Es sind schon Ultraschallwandler bekannt, die als
Ultraschallsender und -Empfänger fungieren, und bei denen
die Anregung einer schwingenden Membran mittels einer
Piezokeramikscheibe erfolgt. Unter Ausnutzung des
Piezoeffektes dient die Piezokeramikscheibe dazu,
elektrische Energie in mechanische zu wandeln und umgekehrt.
Hierzu besitzt die Piezokeramikscheibe sowohl auf der Ober-,
als auch auf der Unterseite jeweils eine flächig angeordnete
Elektrode. Wird nun an die beiden Elektroden eine
ausreichend hohe elektrische Spannung angelegt, so verformt
sich die Scheibe infolge des Piezoeffektes. Wird die
Piezokeramikscheibe an einer Membran befestigt, so wird
diese Membran entsprechend ausgelenkt. Wird andererseits die
Membran infolge eintreffender Schallwellen ausgelenkt, so
kann über die Elektroden eine elektrische Spannung
abgegriffen werden. Die Membran und die Piezokeramikscheibe
sind hierzu flächig verklebt. Damit kann die der Membran
zuweisende Seite der Piezokeramikscheibe nicht auf einfache
Weise elektrisch kontaktiert werden.
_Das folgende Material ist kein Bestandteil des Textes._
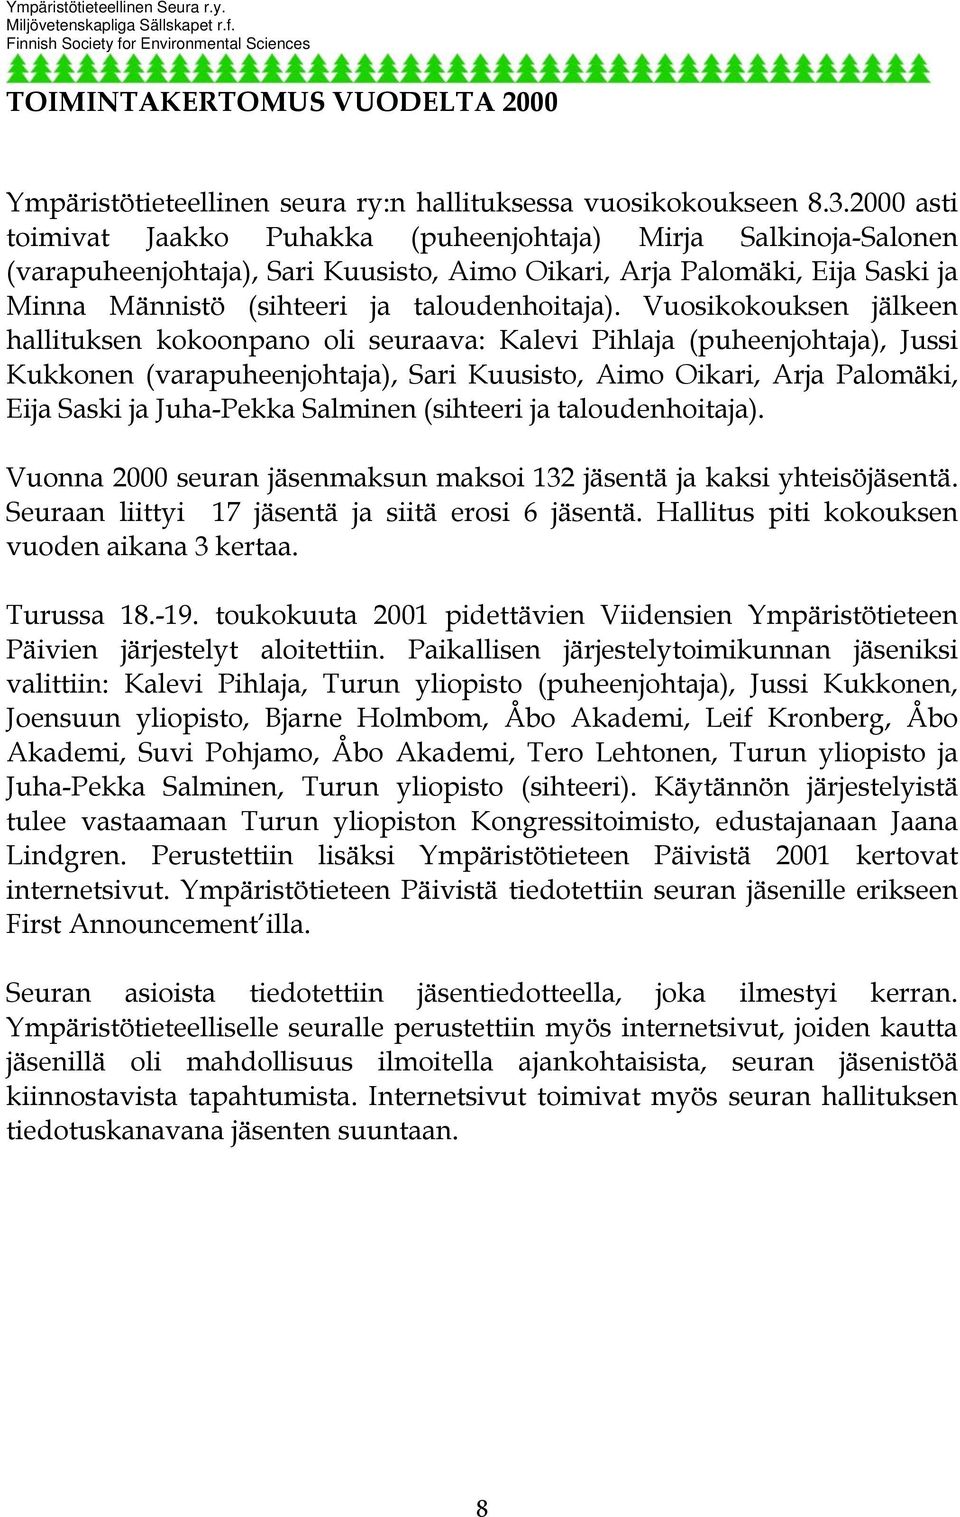 Vuosikokouksen jälkeen hallituksen kokoonpano oli seuraava: Kalevi Pihlaja (puheenjohtaja), Jussi Kukkonen (varapuheenjohtaja), Sari Kuusisto, Aimo Oikari, Arja Palomäki, Eija Saski ja Juha-Pekka

Als Lösung des Problems
der elektrischen Kontaktierung ist zum einen eine leitfähige
Verbindung zwischen der Membran und der der Membran
zuweisenden Elektrode bekannt. Hierzu ist es jedoch
erforderlich, einen leitfähigen Klebstoff zu verwenden, der
teurer ist, als herkömmlicher Klebstoff. Zum anderen ist es
bekannt, die der Membran zuweisende Elektrode zu verlängern
und auf die von der Membran abweisende Seite der
Piezokeramikscheibe zu führen, so daß beide Elektroden von
einer Seite der Piezokeramikscheibe aus kontaktierbar sind.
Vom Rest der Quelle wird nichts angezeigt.